* Data in this exercise:
_ _ _
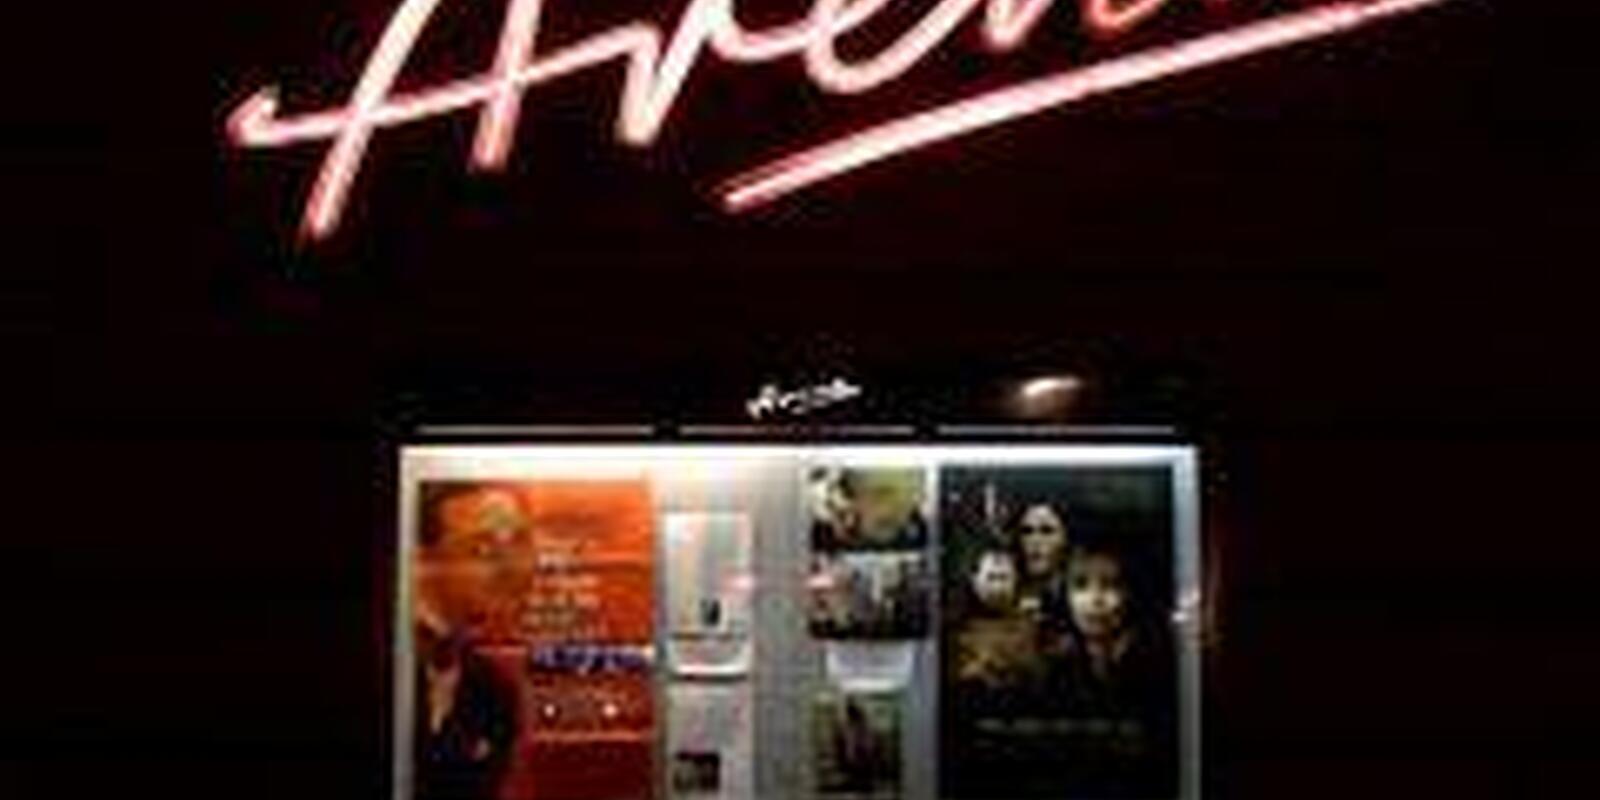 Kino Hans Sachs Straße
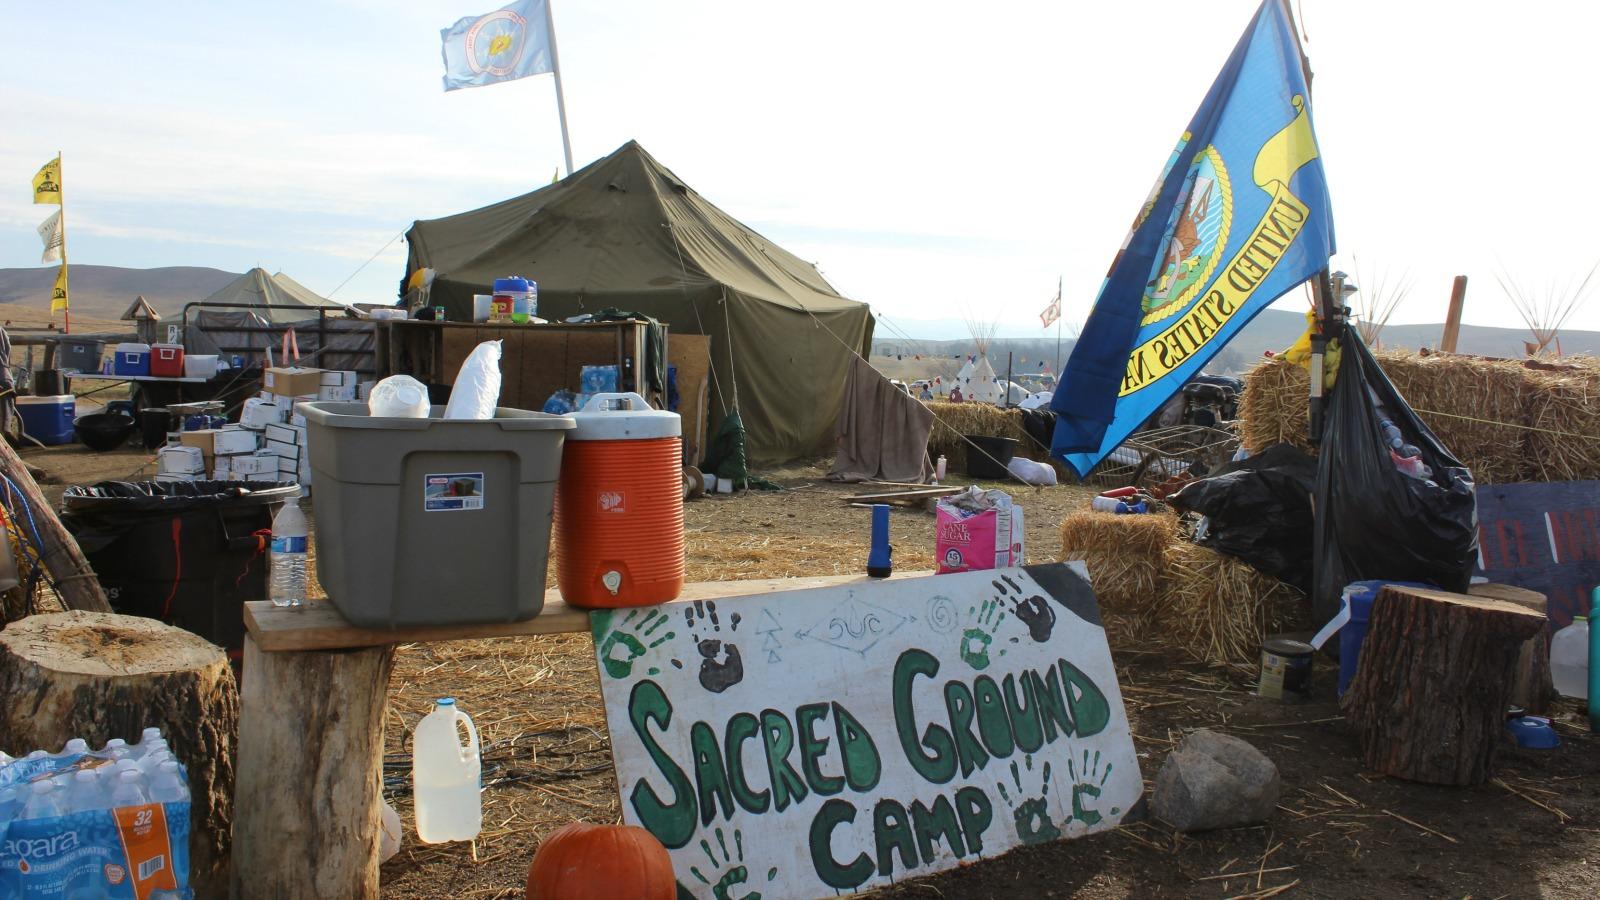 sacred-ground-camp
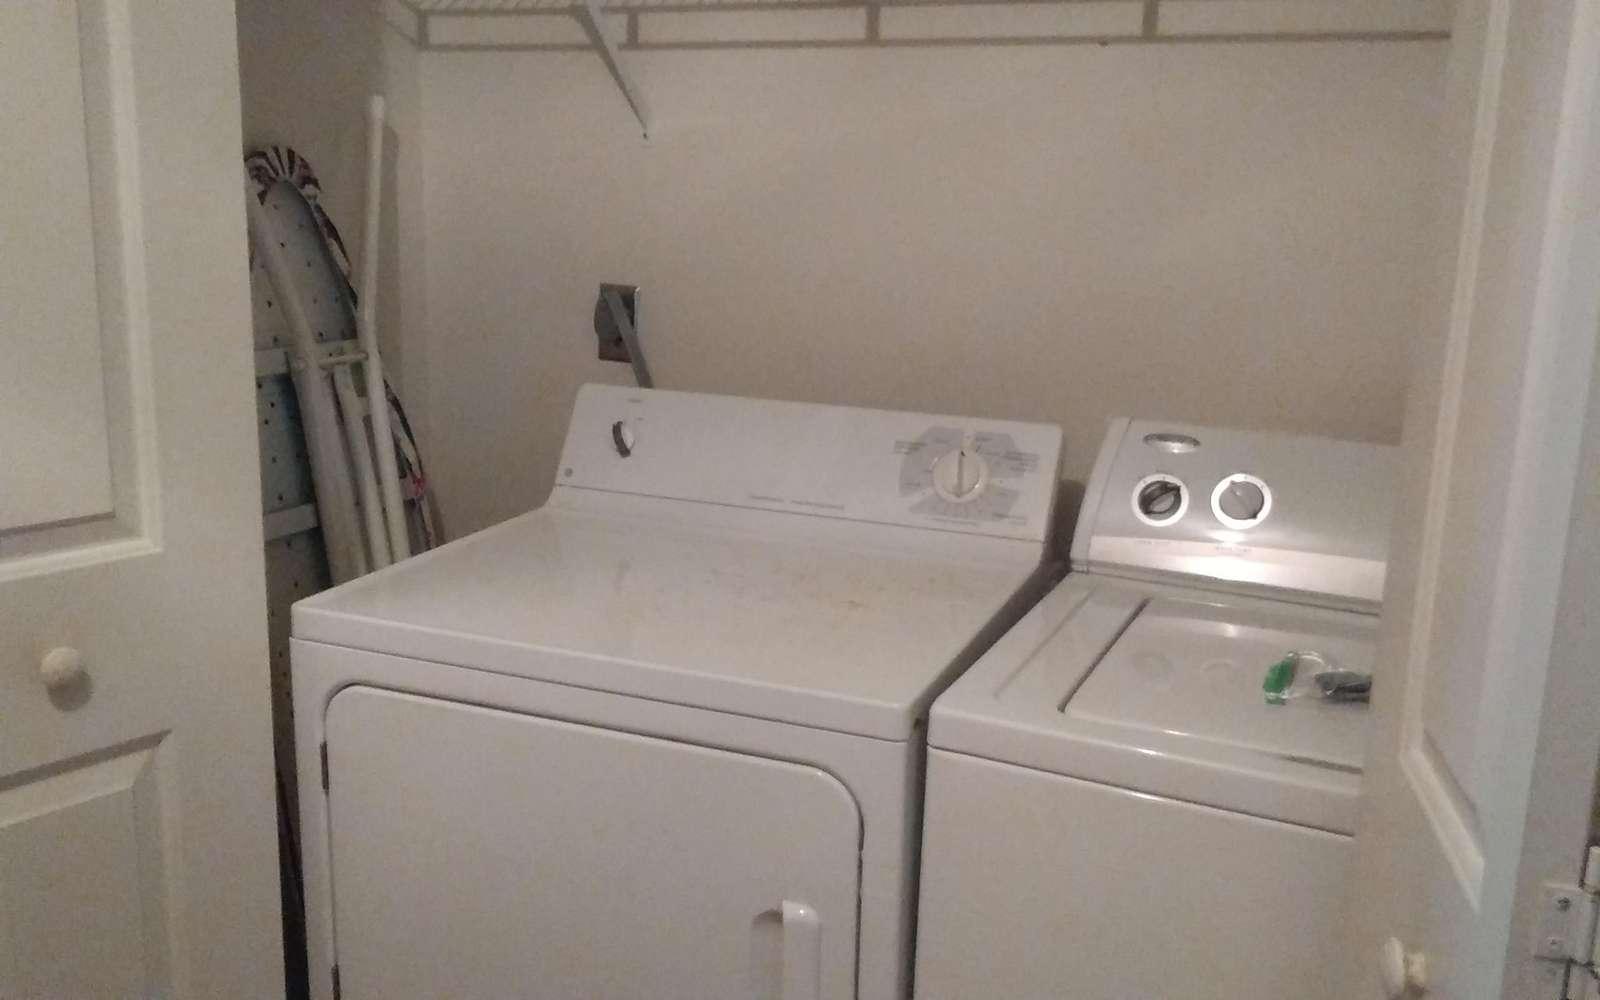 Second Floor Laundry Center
_ _ _
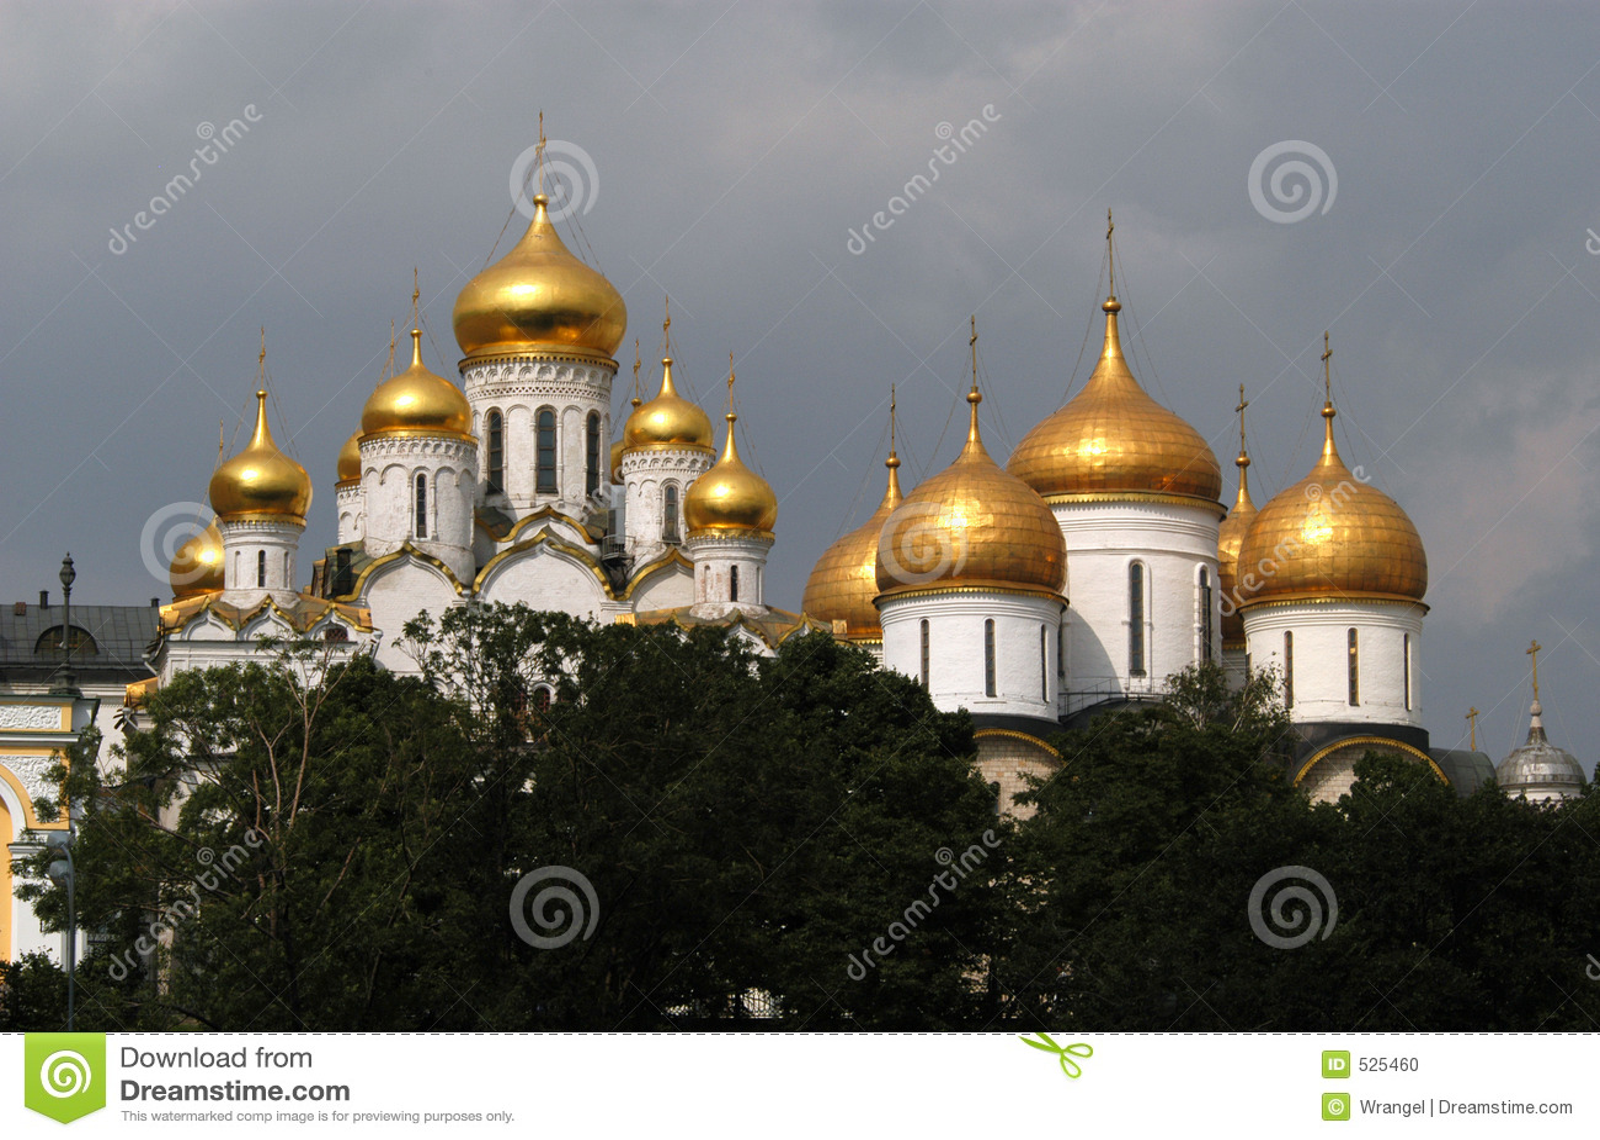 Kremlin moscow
_ _ _
* Work required:
Having found the line with "sacred-ground-camp" and the line with "Second Floor Laundry Center" in the material above, write out exactly those two and every line between, leaving the pictures out.

* Output of the task:
 sacred-ground-camp
 Second Floor Laundry Center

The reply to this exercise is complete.